Over oaked or over talked?

oak wine barrels

 

The use of oak in Australian wine.

More often than not, the term ‘oaky’ wine or oaked wine is synonymous with a bad wine or cheap wine. Combine this with the word Australia and you create a wine as popular as a funnel web in a lucky dip. The fact is that times have changed and in many instances, especially with new world wines, a wine is judged to be ‘oaky’ before it is even tasted. The tedious exercise of talking about over oaked Australian wines has had its day, with the country producing more seamless oak aged wines.

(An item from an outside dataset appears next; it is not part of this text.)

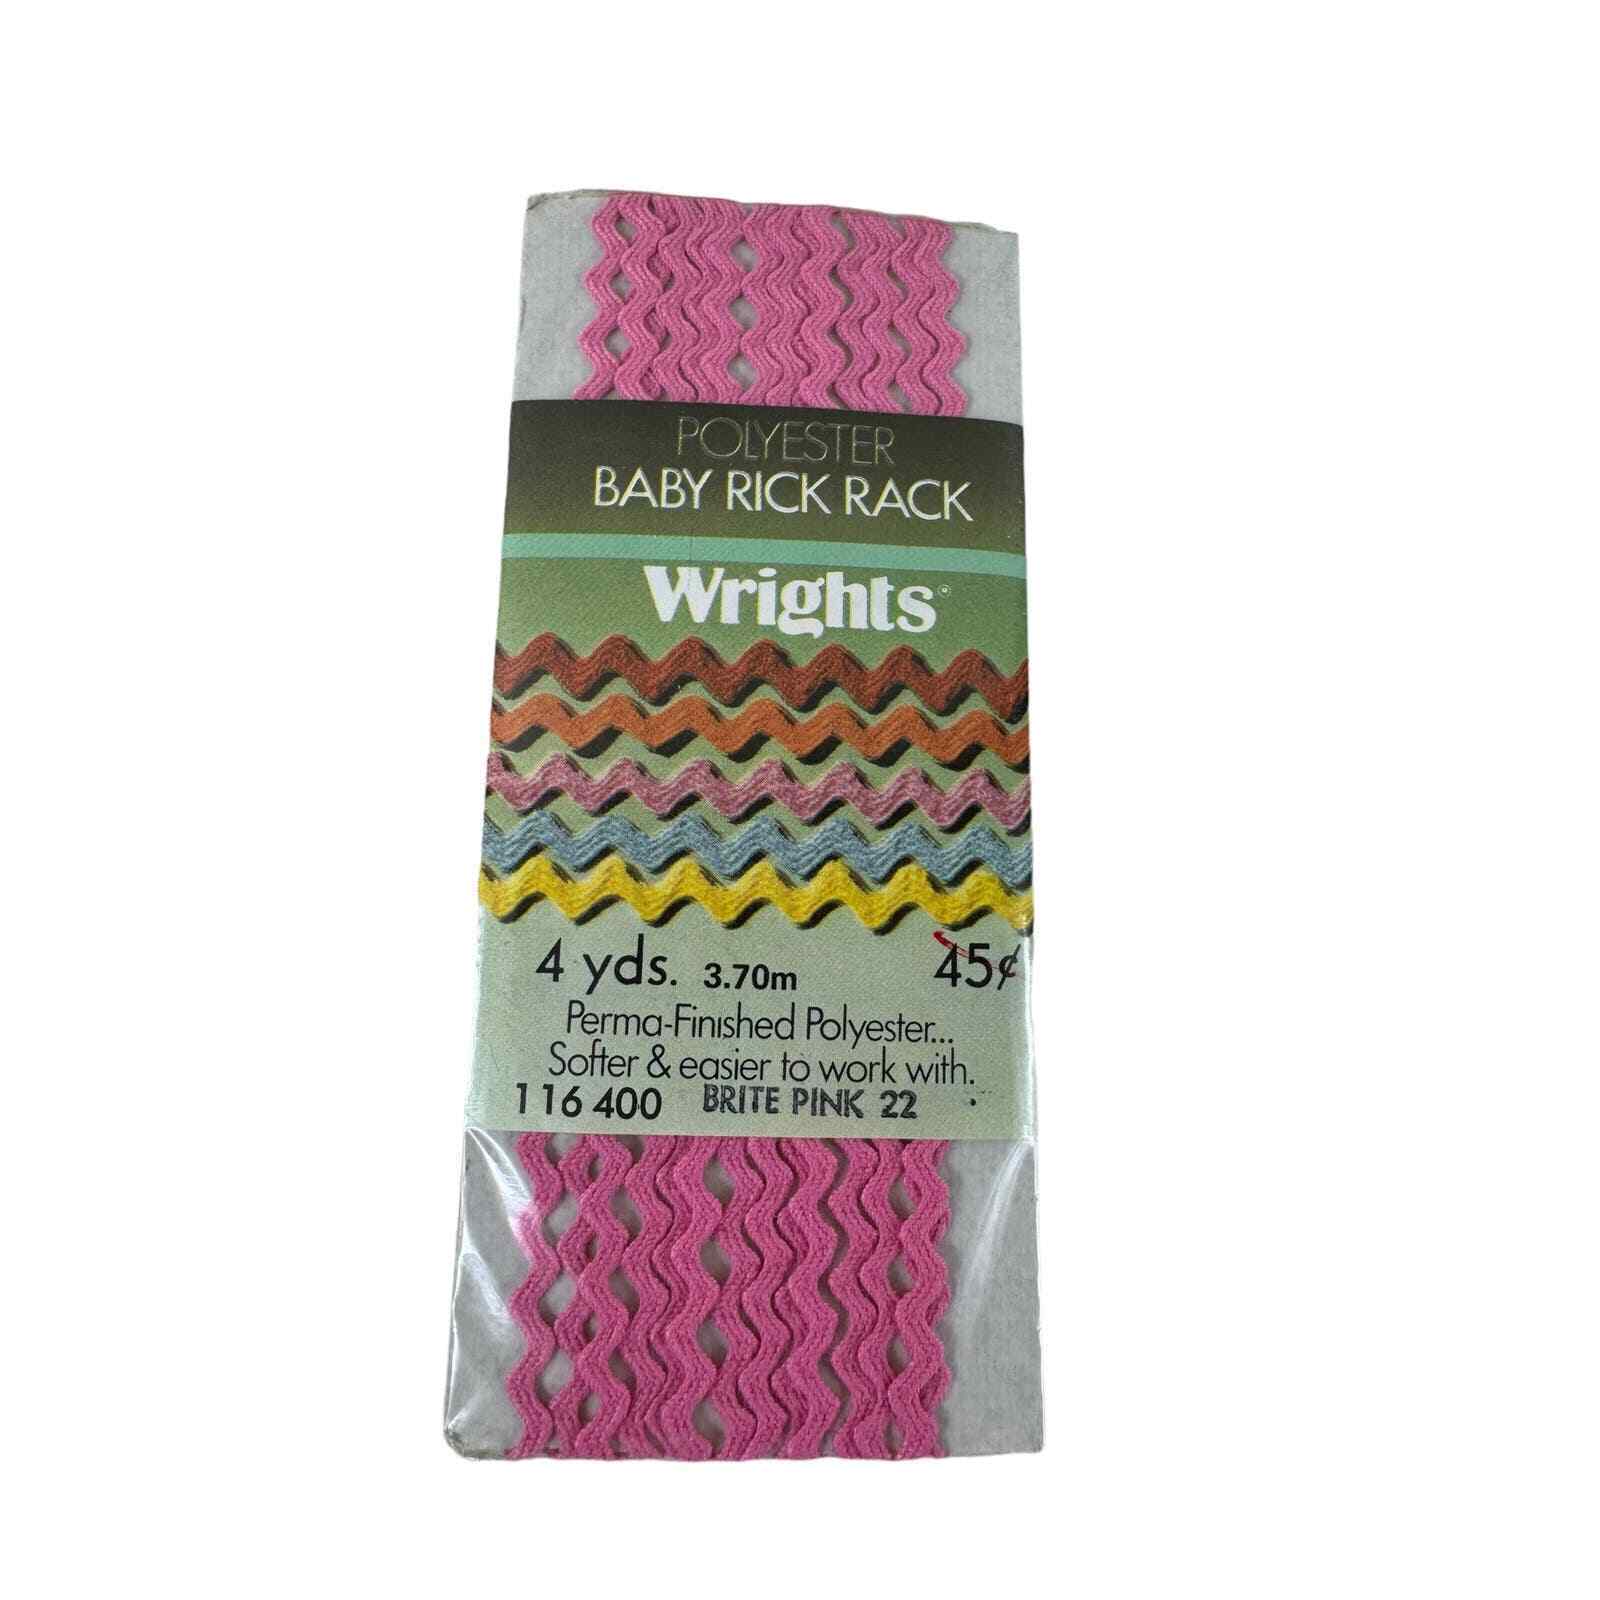 New In Package Vintage Wrights Brite Pink 22 Polyester Baby Rick Rack 4 Yard USA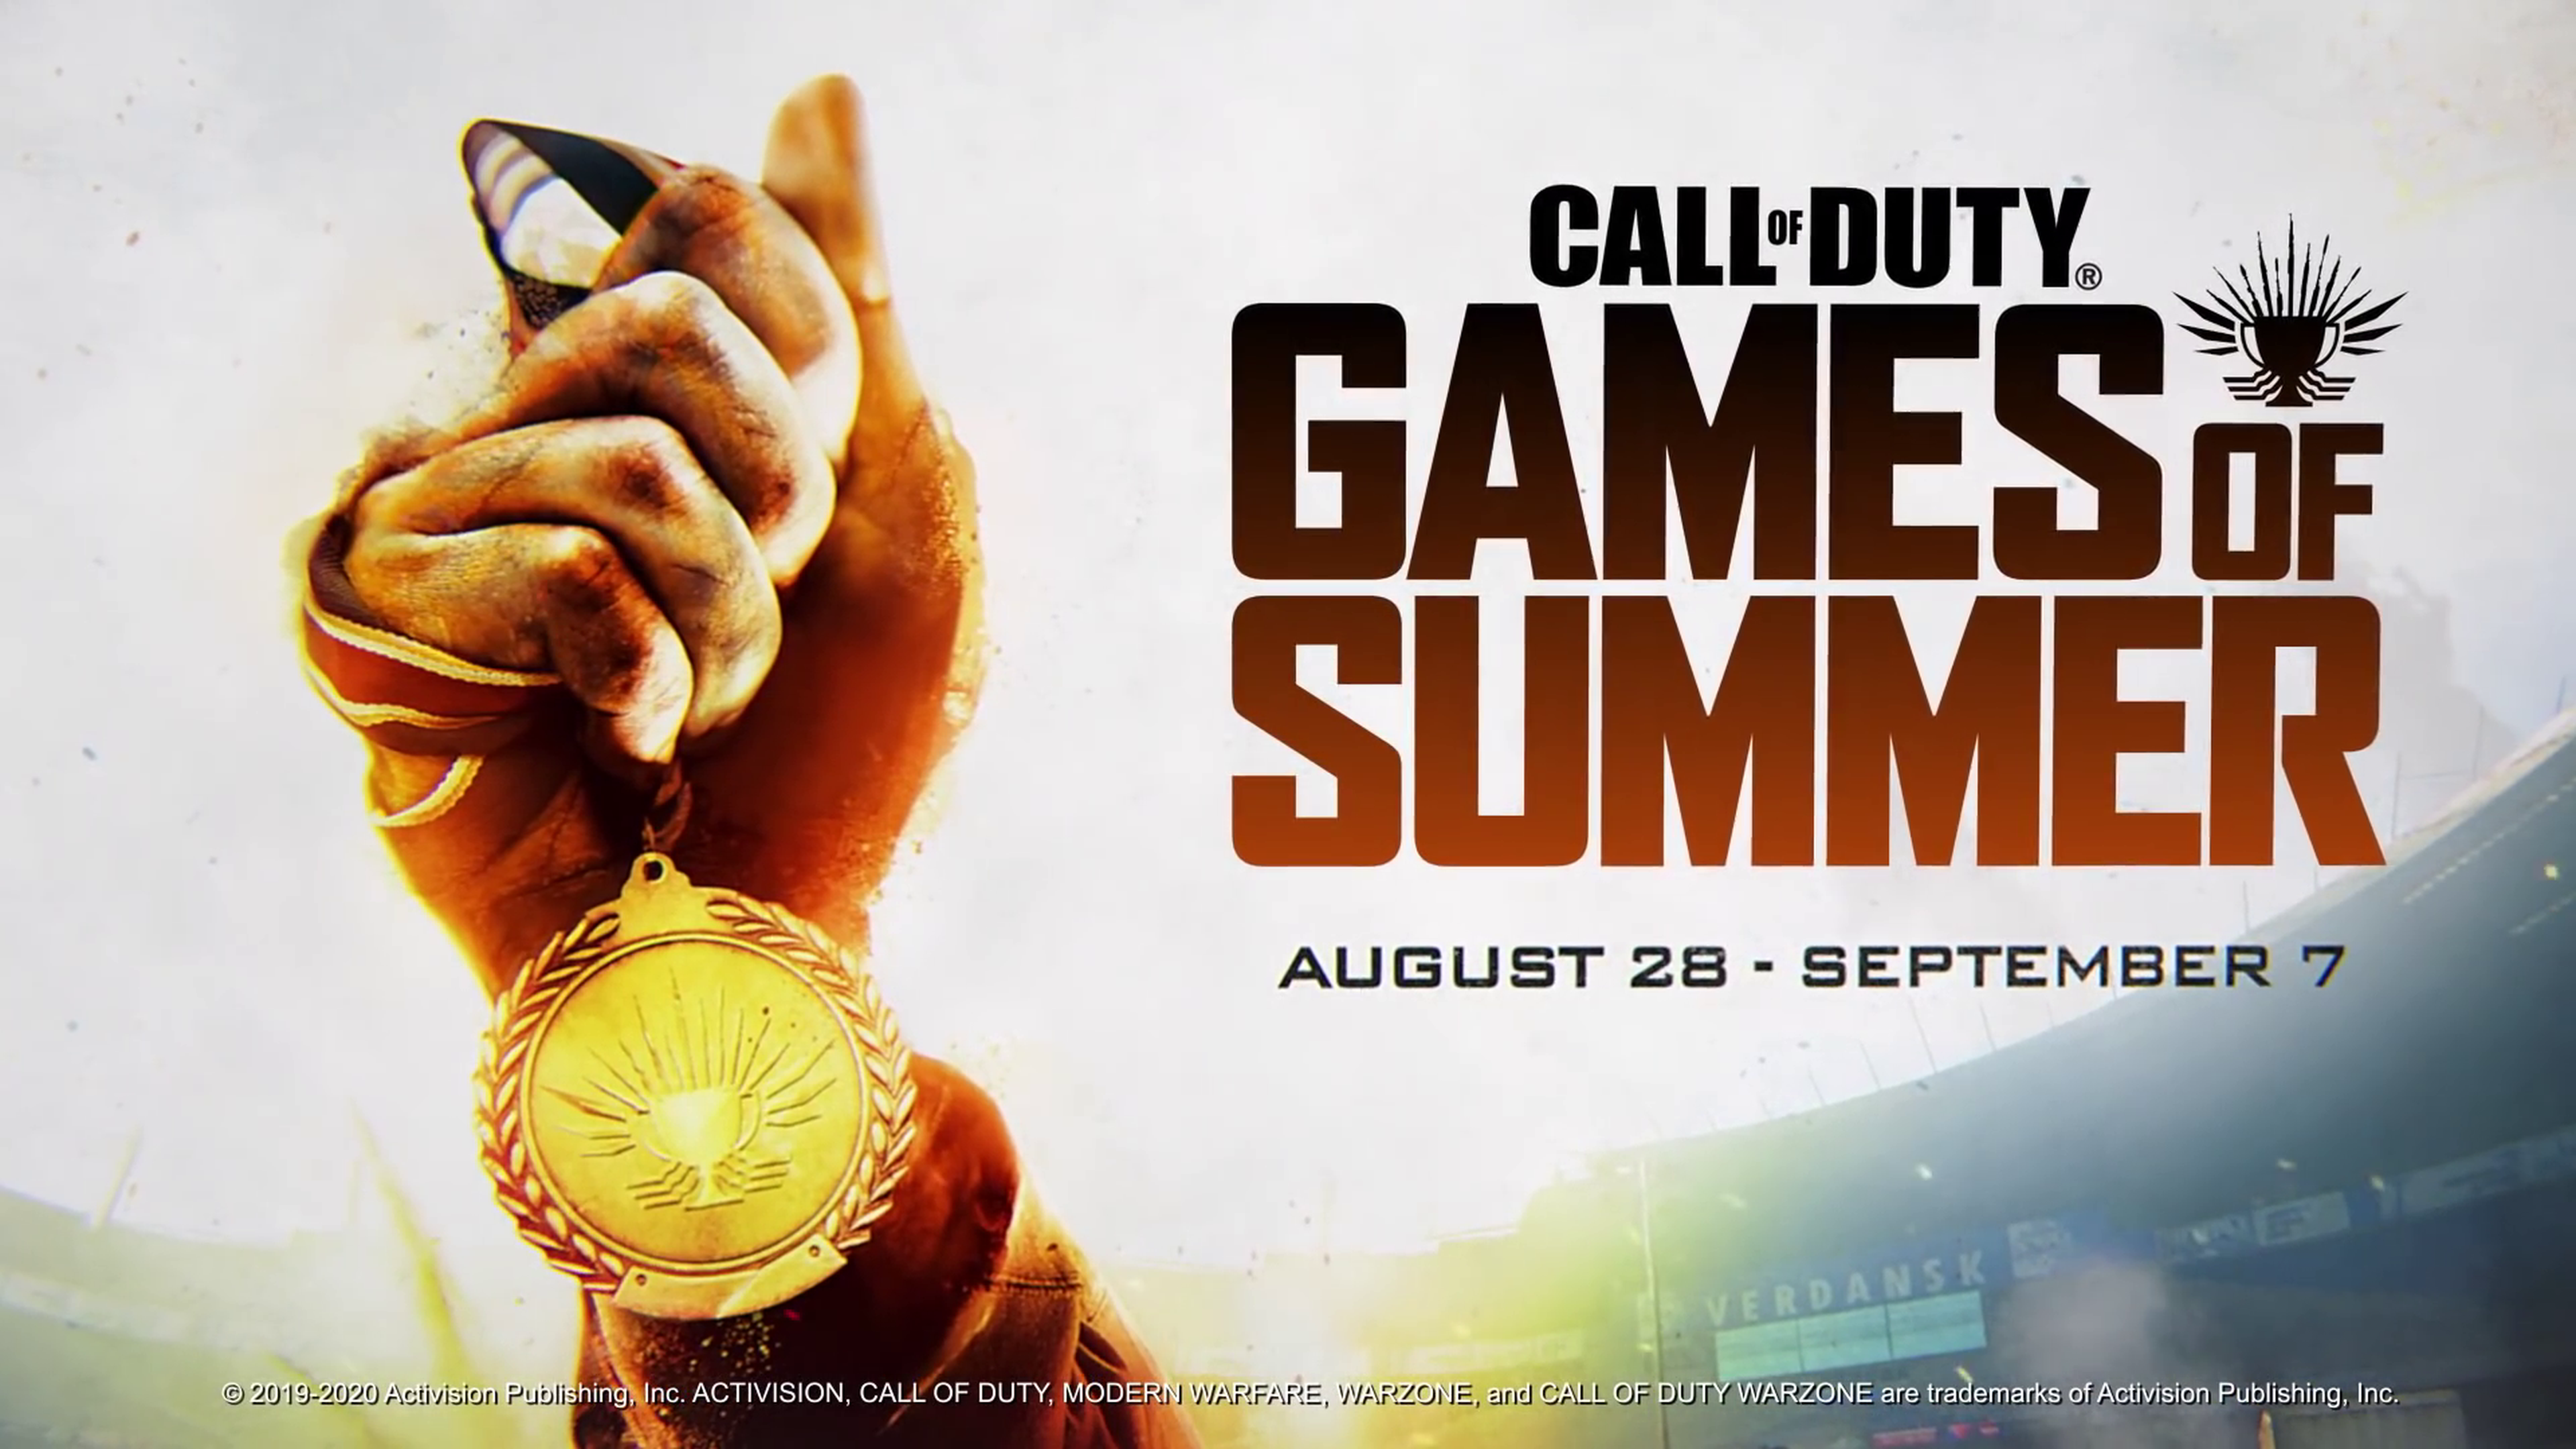 Call of Duty - Games of Summer

The use of oak in winemaking is used to change the flavour, tannins and colour of a wine. Oak preference is entirely subjective and it must be noted that the taste that oak imparts is not always the sole intention of a winemaker. Oak can be used to both ferment, and store or age wine. Oak imparts flavours such as smoke, sweet spice, cedar, tobacco, caramel, liquorice, and chocolate just to name a few.

It can be divided into the two most used kinds; European and American oak, both of which impart different flavours to wine. Most European oak comes from France, with some also coming from Eastern Europe and Portugal. France is the most significant producer though, as it makes the best quality and the greatest amount. The quality of oak is judged by the grain of the oak, and against the standard of French oak. Due to its intrinsic structure, French oak can not be sawn into planks, but the wood must be painstakingly split up. This makes French oak the most expensive starting at £600 per barrel and going up to £2000. French oak because of its grain and the fact it is split not sawn is more subtle.

American oak is commonly used in both Spain and Australia and is much less expensive than French oak (roughly half the price). It imparts a lot more flavour, bold spice and vanilla as well as being richer in tannins, thus appropriate for big ripe fruit forward Australian Shiraz and Rioja.

Other factors that determine degree of oakiness include the length of time the wood is dried prior to toasting, and the toasting process itself. Oak toasting can influence flavour but the longer the oak has been air dried for then the less toasty the wine will be, whereas oak air dried for a shorter period produces more barbecue flavours. Alcohol plays a part too, with wines of a higher ABV content extracting more oak flavours from the barrel.

Australia’s wine production and reputation grew solidly and steadily throughout the late 90’s. Australia enjoyed a huge wine export boom, and at one stage was the main supplier of wine to the UK even overtaking France! Australia received great reviews and popularity in the US too.

In the early 2000’s there was movement in the massive wine companies that dominated the Australian wine industry, with the massive American company Constellation, acquiring familial brands such as Hardy’s, Leasingham, Banrock station, and the Fosters group acquiring Southcorp. This resulted in both companies waging a discount war facilitated by UK supermarkets. To ensure a cheap, bulk, export wine could be supplied, inexpensive methods of oaking emerged. These included oak chips, shavings and powder. This Australian wine became synonymous with cheap, crudely oaked and mass produced wine.

Fortunately, we are now in a different phase, ownership has changed and there are impressive winemakers making great wines. The UK is now rediscovering cool climate Australian wine from MacLaren Vale, Clare Valley, Margaret River and Tasmania with ripe fruit and integrated oak. Often those wines passed of as too oaky are those that need a little more time in the bottle. Whilst it is a matter of personal taste, a well known Burgundian wine maker once said that wine can be ‘under wined’ but not ‘over oaked’.